Award for Excellence


Faculty from the Department of Physics

The Department of Physics was selected to receive the 2017 University Senate Departmental Award for Excellence in Education. The department will use the award, a $30,000 grant to be administered in three yearly installments of $10,000, for activities to enhance teaching and learning.

“The award was well deserved,” said Auburn Senate Chair Daniel Svyantek. “It recognizes the department’s commitment to improving both undergraduate and graduate education. The department’s efforts reflect the dedication to and the importance of teaching excellence in the STEM disciplines.”

Established at Auburn in 2013 and first presented in 2014, the award is administered by the University Senate Teaching Effectiveness Committee.

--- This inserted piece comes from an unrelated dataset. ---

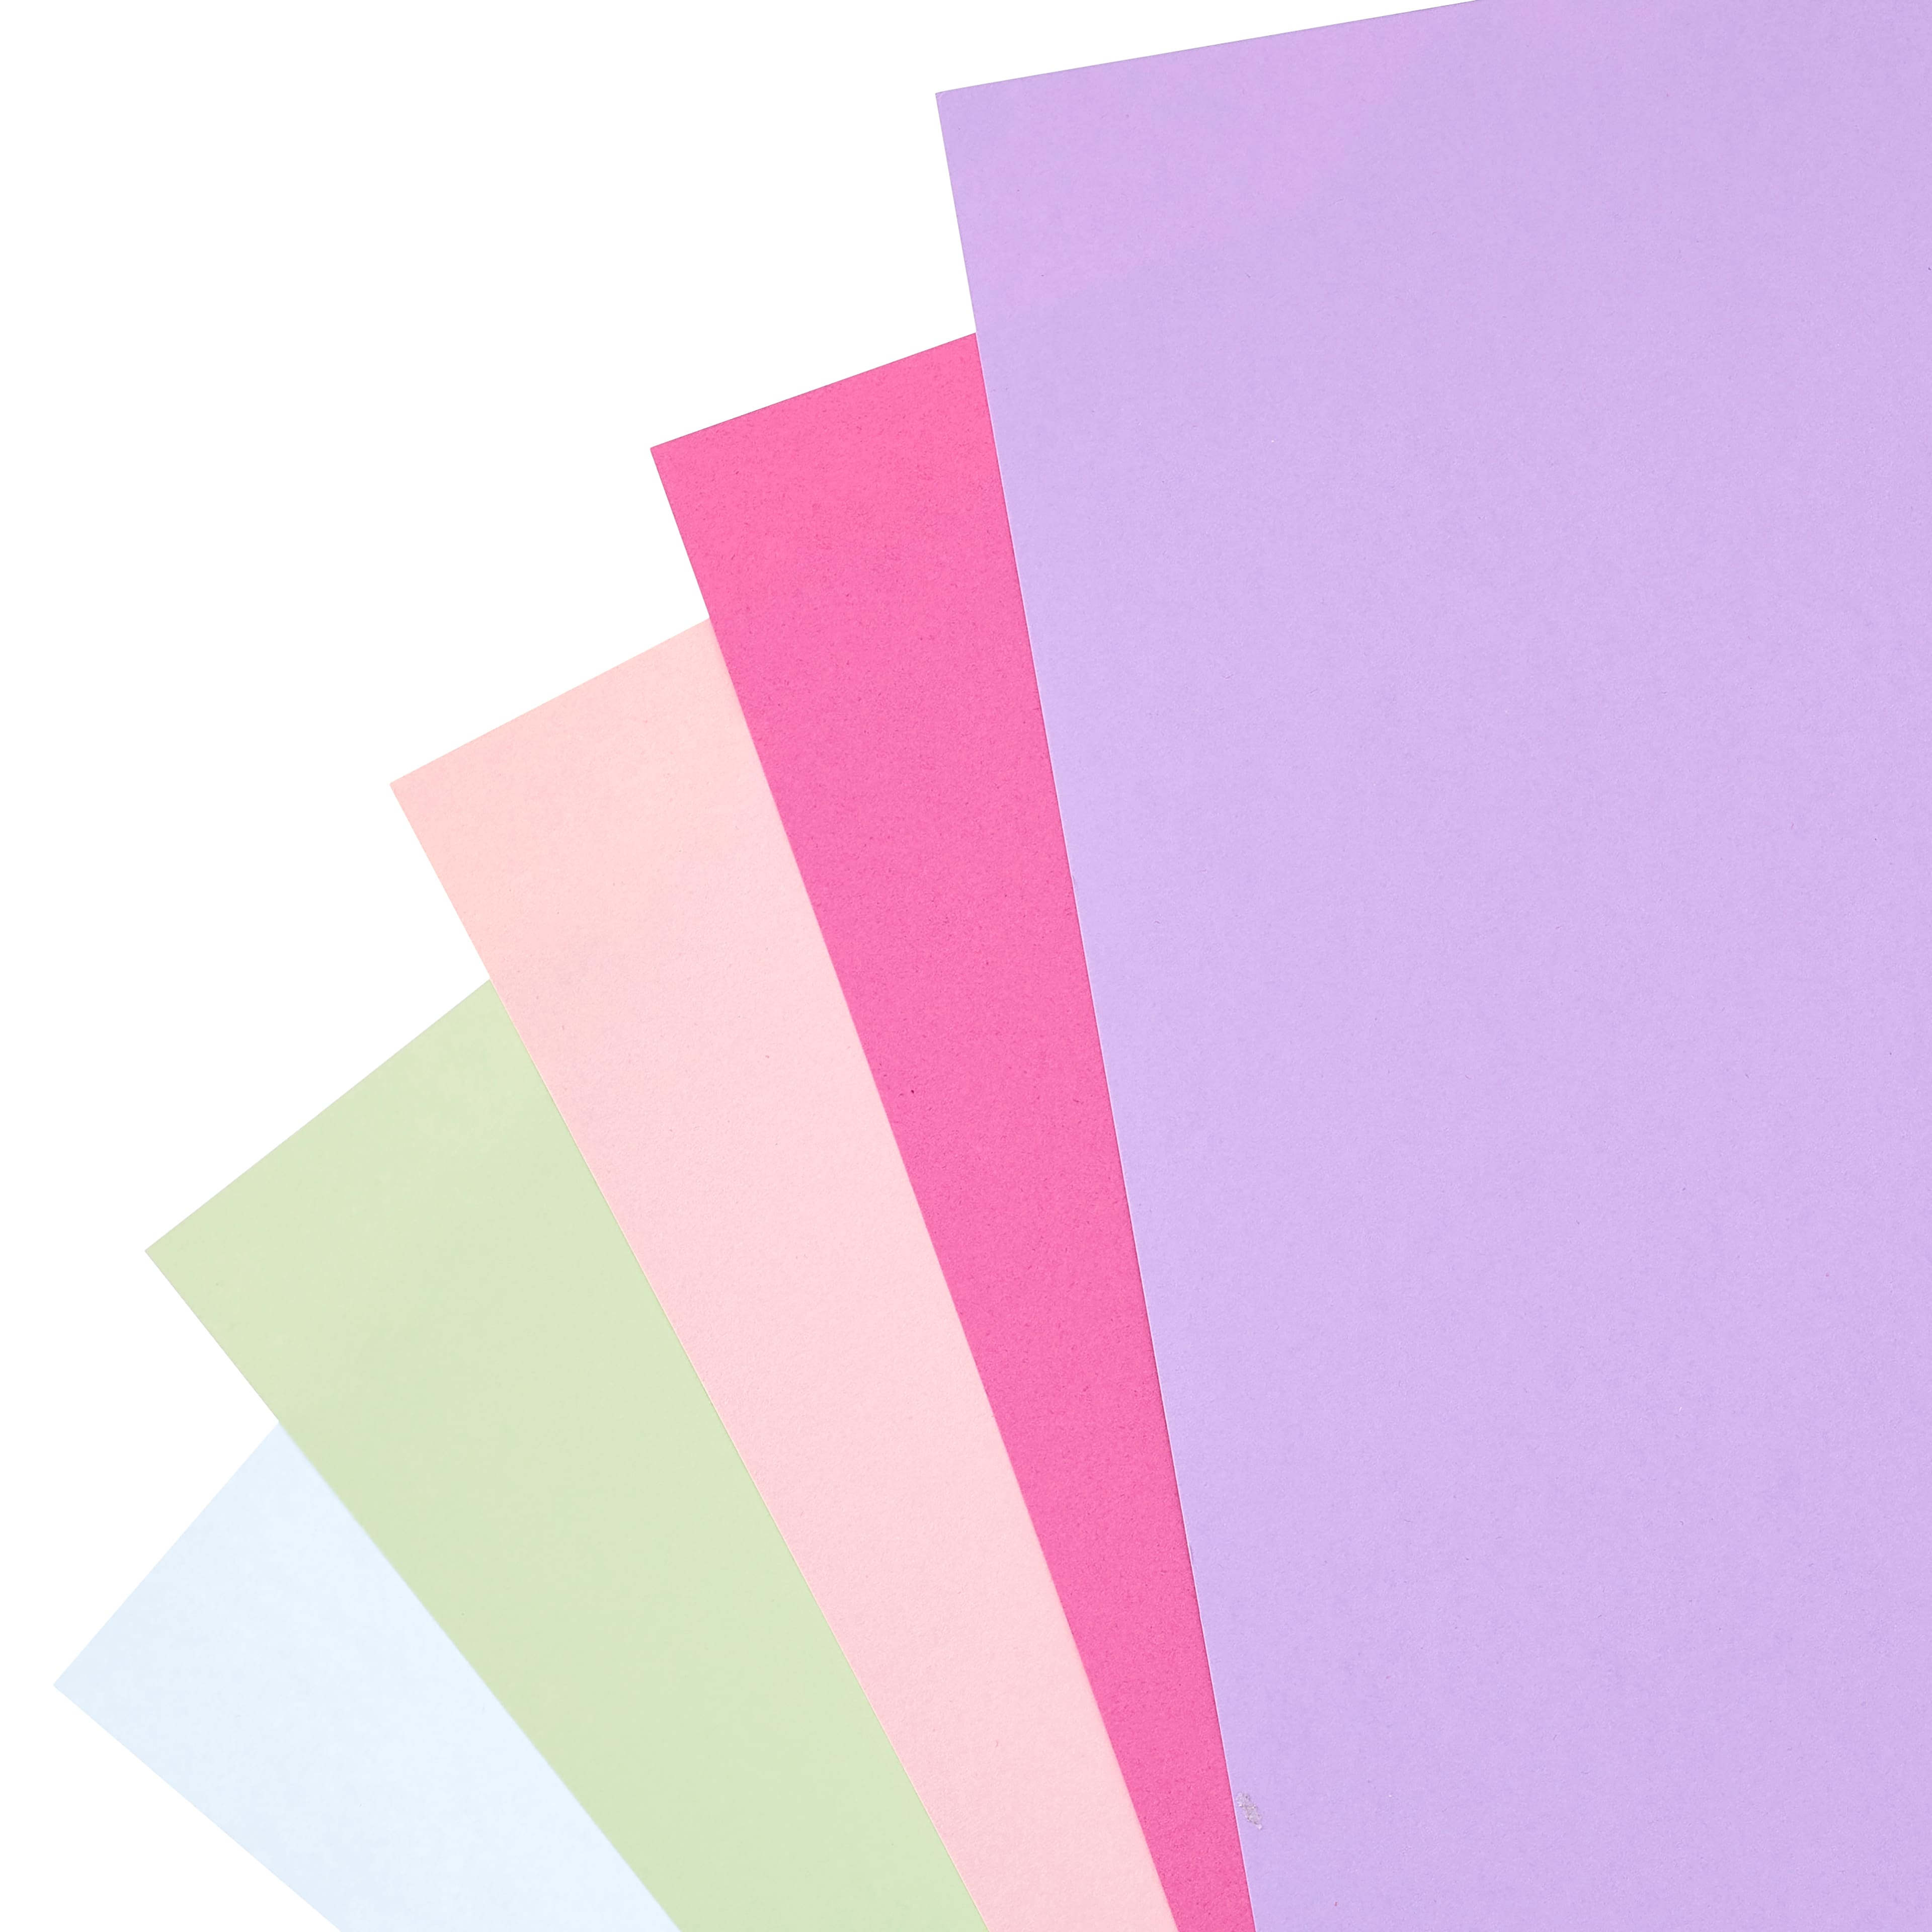 Soda Pop 8.5&#x22; x 11&#x22; Cardstock Paper by Recollections&#x2122;, 50 Sheets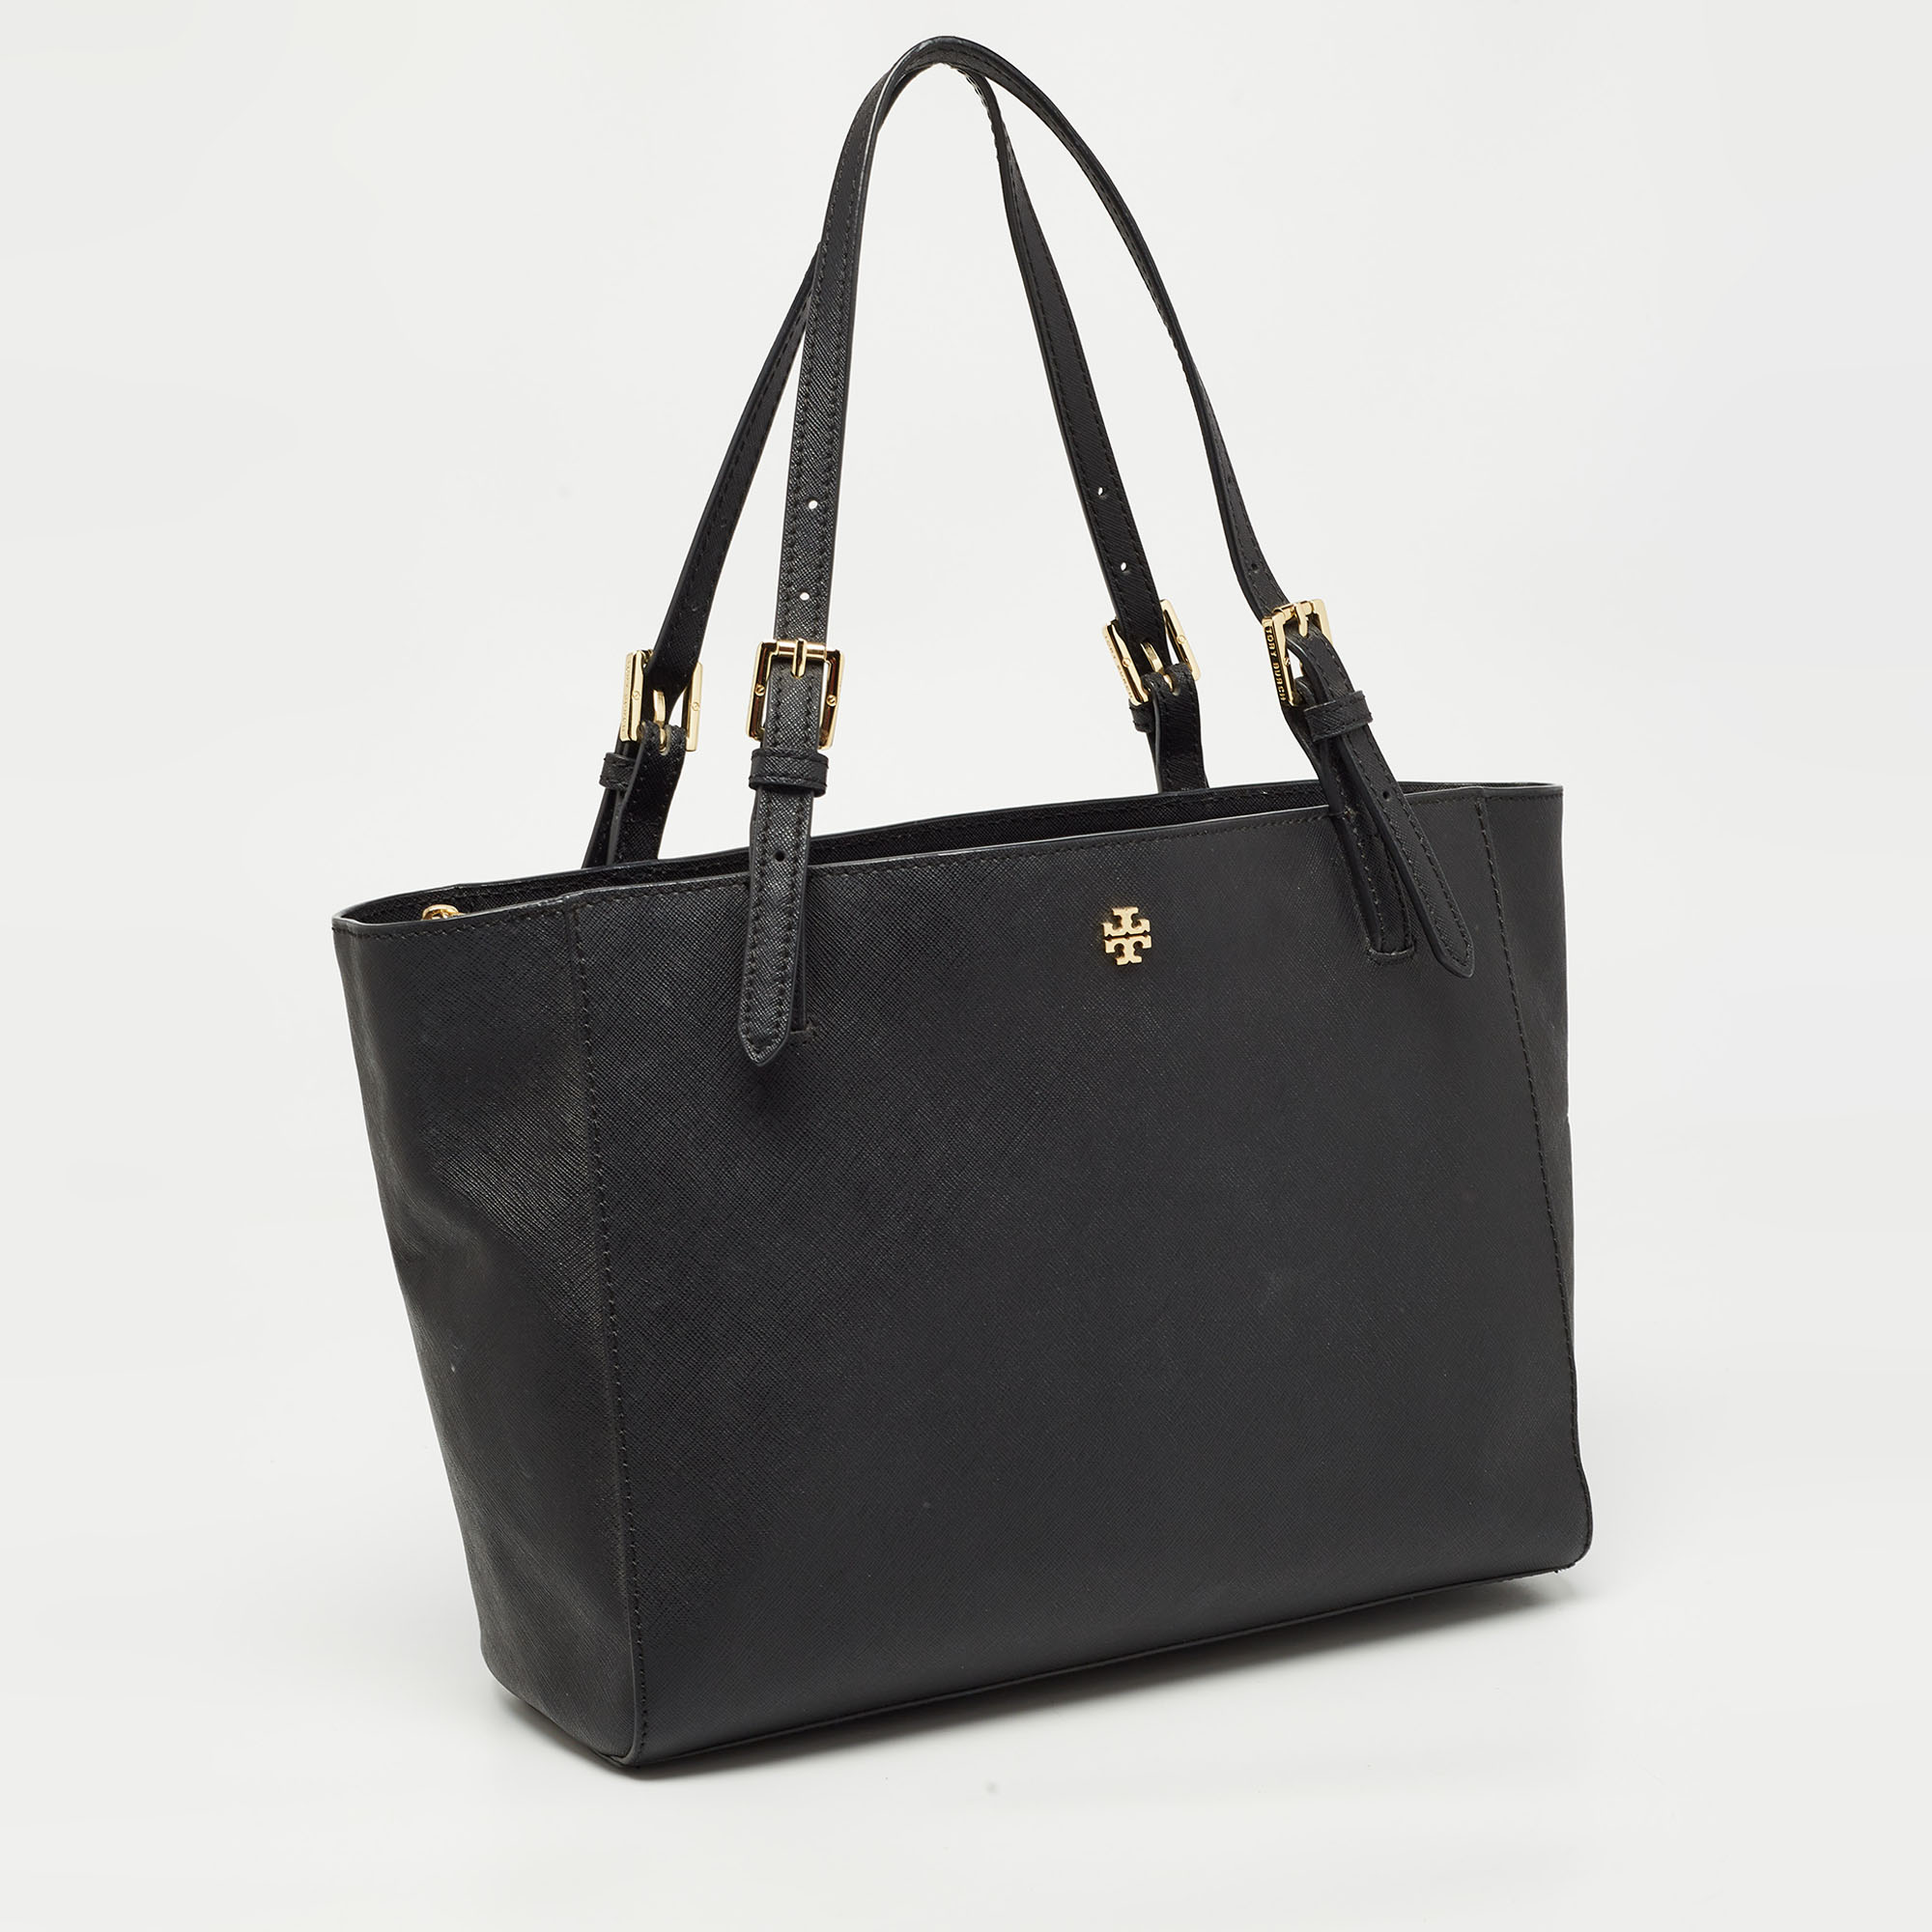 Tory Burch Black Saffiano Leather York Buckle Tote

Each year, academic departments across campus are invited to submit to the Teaching Effectiveness Committee proposals summarizing the departmental philosophy of teaching and learning and a narrative describing the approaches used to achieve and measure excellence in those areas. Four finalists were selected to give presentations detailing learning excellence and plans for future activities to enhance teaching and learning.

The winning proposal was written by a team of department faculty members that included Michael Fogle, Stuart Loch, Ameya Kolarkar, Uwe Konopka, Marcelo Kuroda, and Guillaume Laurent.

“The department’s faculty cares a great deal about the teaching that we do, and it’s something that the faculty strives to do well,” said physics' chair James Hanson. “The faculty actively work together to improve the teaching that we do and what the students learn.”

The Department of Physics has more than 25 faculty, 60 undergraduate students, and 50 graduate students. Each student receives a sort of individual attention that is usually only available at much smaller schools.

Additionally, the department has one of the leading plasma physics programs in the country, along with strong research in atomic, molecular, and optical physics, and condensed matter/solid states. In 2019, the department will move to the newly renovated Leach Science Center, where most of the laboratory facilities are currently housed. The state-of-the-art building is designed to foster collaboration between faculty, house undergraduate laboratory classrooms, and connect faculty and graduate students in the lab.

Plans for the award funding also include faculty summer stipends to develop and implement online math remediation videos for undergraduate students. By using online math remediation resources, undergraduate students are able to bridge the gap between the math they’ve learned in math classes with how they need to apply those concepts in physics.

“We want to make the teaching that we do more effective so students can either learn it more thoroughly or learn it in less time,” said Hanson. Online math remediation resources are underway with the non-calculus-based Introductory Physics course predominantly taken by pre-health professionals, and the Department of Physics is planning to extend this to the calculus-based Engineering Physics course.

The department will also use faculty summer stipends for training and development of active learning components. “We have a lot of people who use active learning in the department,” said Hanson, “but one of the things that slows new faculty down is that it’s really a different way of teaching. By sharing resources and practices that people have used and found work, everybody doesn’t have to reinvent the wheel.”

Another focus on faculty includes providing an active-learning mentor for new faculty who will support their active learning development, introducing a common repository of teaching materials and assessment data, and furthering the teaching assistant training program so students graduate with a deep understanding of evidence-based instructional practices.

“I think the changes we’re making are going to keep the faculty’s enthusiasm at a high level and ensure that good ideas and practices are propagated to others rapidly,” said Hanson. “We want to be able to give student’s better advice when they come to us with difficulties by saying ‘try this’ or ‘try that’ with the hope that the advice will be helpful for them to improve their learning.”